Again, I don’t know what it is today but when I checked my files and reviewed my notes, I see that we spend many hours debating and deliberating the issue of the pro poor agenda.

Like I told some of my colleagues a few days ago, pro poor did not just slip into the lexicon of the of the grassroots political revolution. It has been around for as long as the revolution has been. The only thing that has changed is that the proponents of the pro poor agenda now have the “megaphone” and the “bully pulpit.”

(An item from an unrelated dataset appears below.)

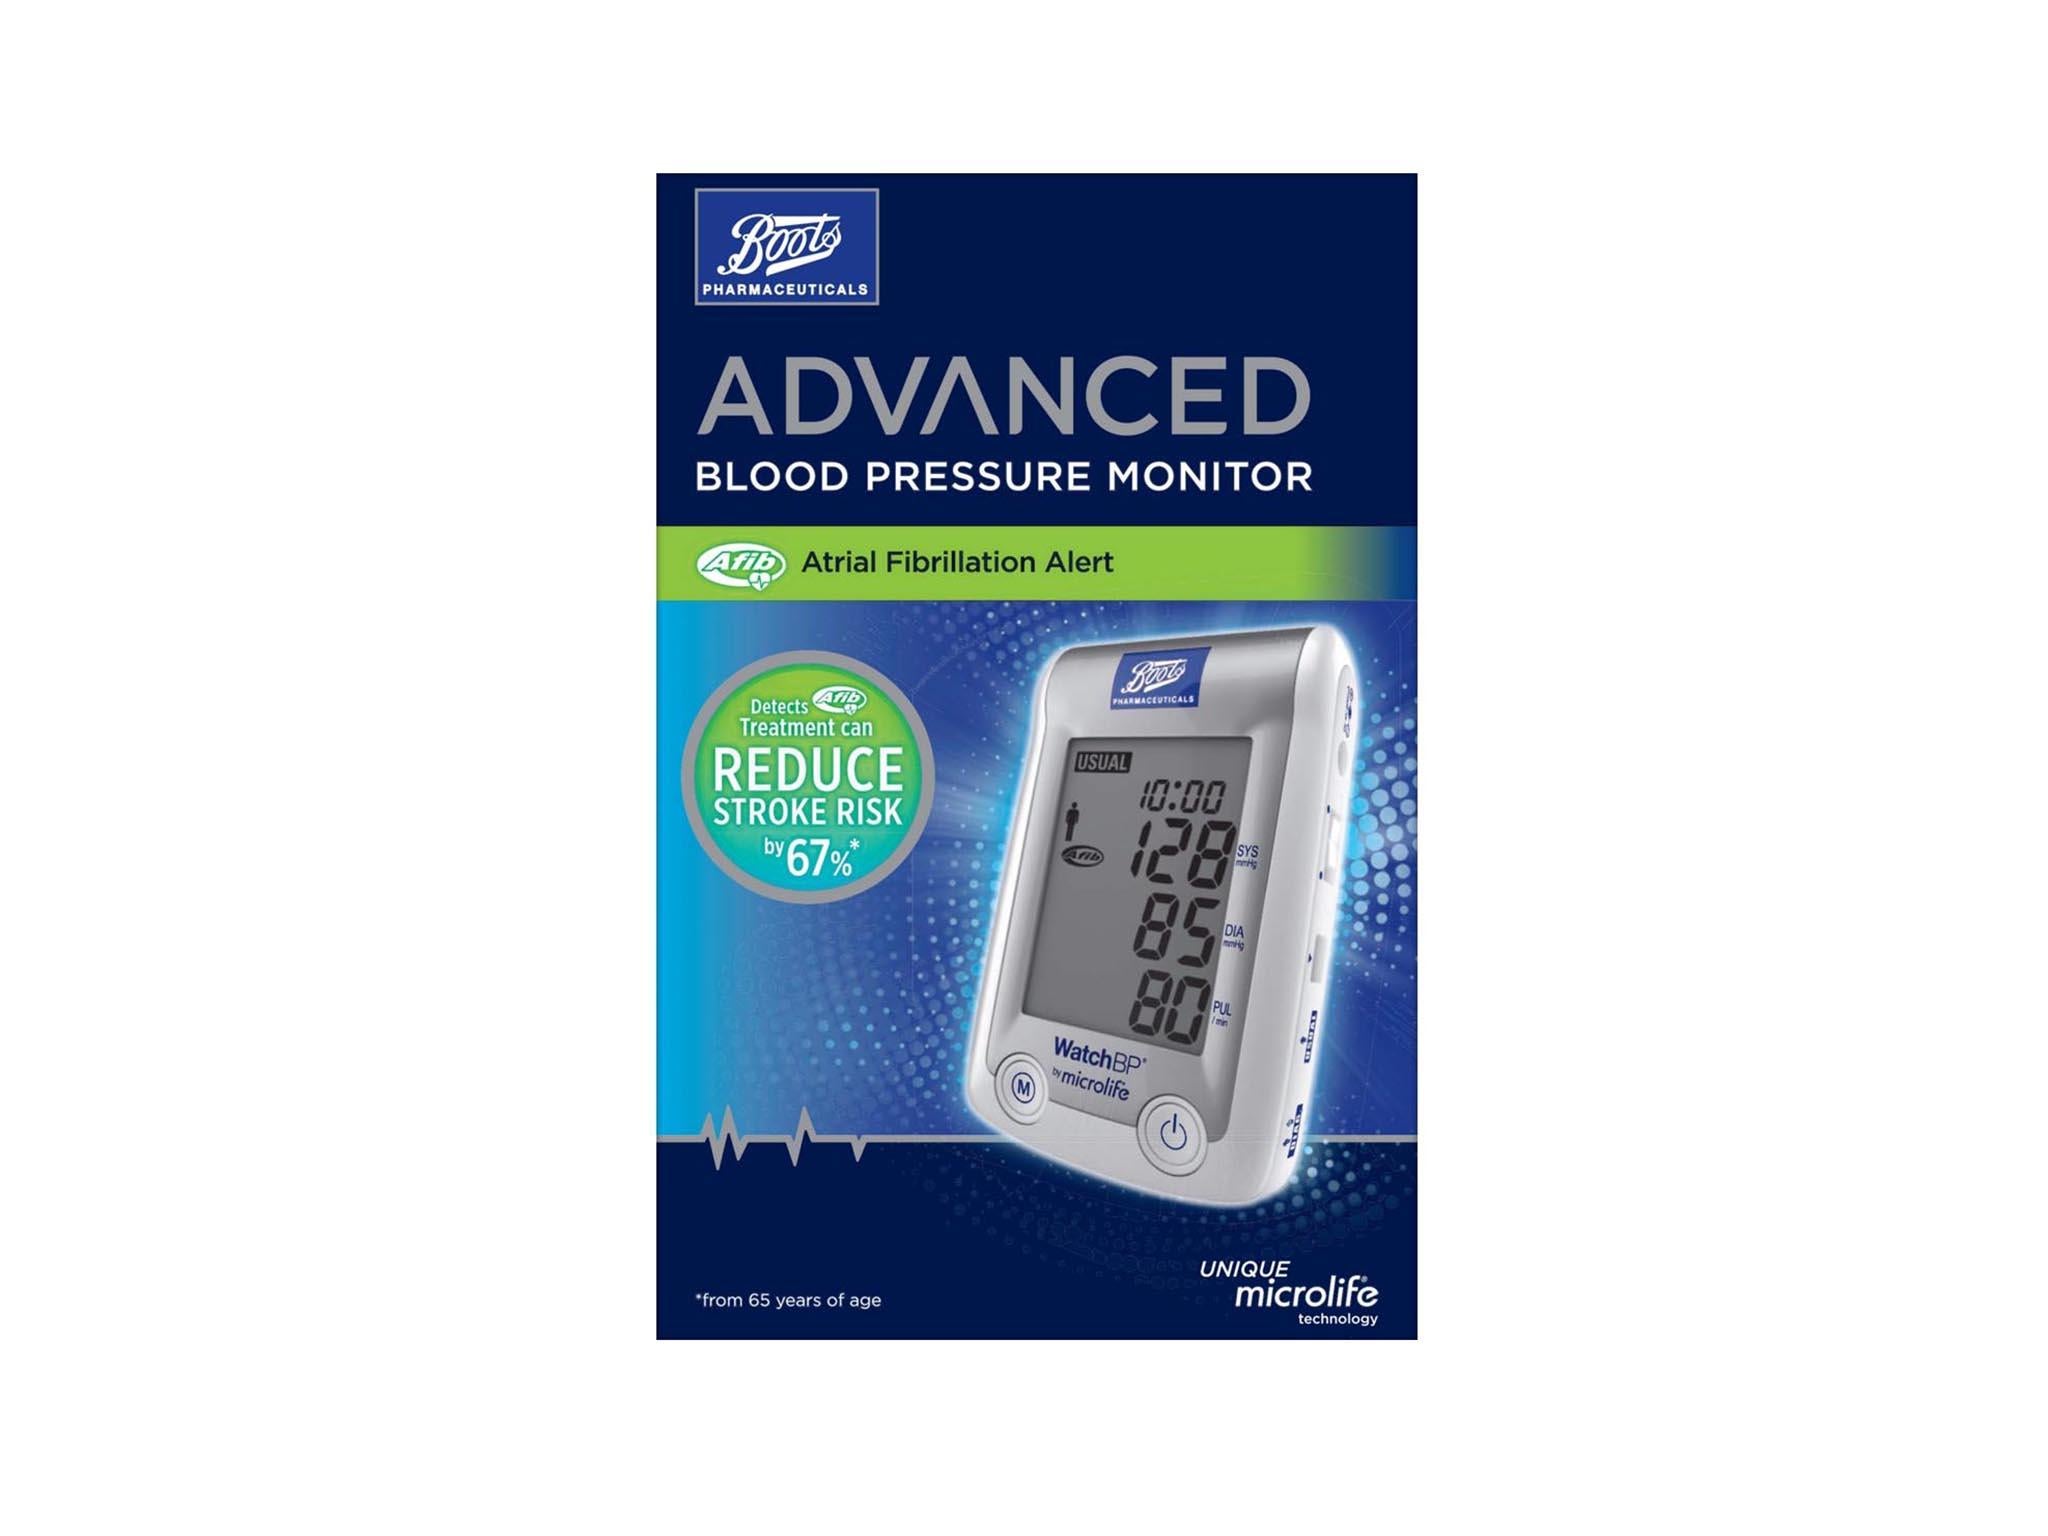 https://static.independent.co.uk/s3fs-public/thumbnails/image/2019/09/03/10/boots-advanced-blood-pressure-monitor.jpg

I know its not going to be easy but I trust their abilities to deliver on the agenda.

Salutation my dear brother, Mr. Pro Poor!

 

Starting the 2029 fight now. Isn’t it, distractingly, too early?

I am one of the persons who loves to think about the future and therefore plan for it. But of late, I have started to hear a lot of noise about 2029. In fact, it seems that a real fight about 2029 has already begun.
Every time I hear the chatters, I go back and check my calendar to see if we are within the timeframe to begin the conversation about 2029. But every time I check, I am faced with the reality that we are just in 2018 and it seems very too early to begin the 2029 fight. I am not saying that there wouldn’t be a fight about 2029 but starting this early is irrational in my opinion.
Wouldn’t you get tired if you start fighting this early? I can understand if the 2029 fight started in 2024. That would be 5 years of fighting and that would be the beginning of the second term of the President. But starting now is counterproductive.
This is not a surrender call; it is a warning that we know and that we can fight even if we decide that now is not the appropriate time. Anything now is a distraction.

Comrade, slow down! Yes, slow down. Let’s give the President all the support and focus he needs to deliver for us all.

A THANK YOU NOTE TO MADAM PRESIDENT

It would be the greatest injustice recorded in modern history if I didn’t take out time, in this public manner, to say THANK YOU! Madam President.

God first! Only under your administration was my story possible and for this I owe you a debt of gratitude.

Therefore, I want to use this public manner to express my sincere and profound thanks and appreciation to you, Madam Ellen Johnson Sirleaf, for the opportunity which you afforded me to be a part of this great Liberian story. I remain eternally grateful and admit that no combination of words can adequately express my appreciation. Madam President, thank you ever so much for making my story possible.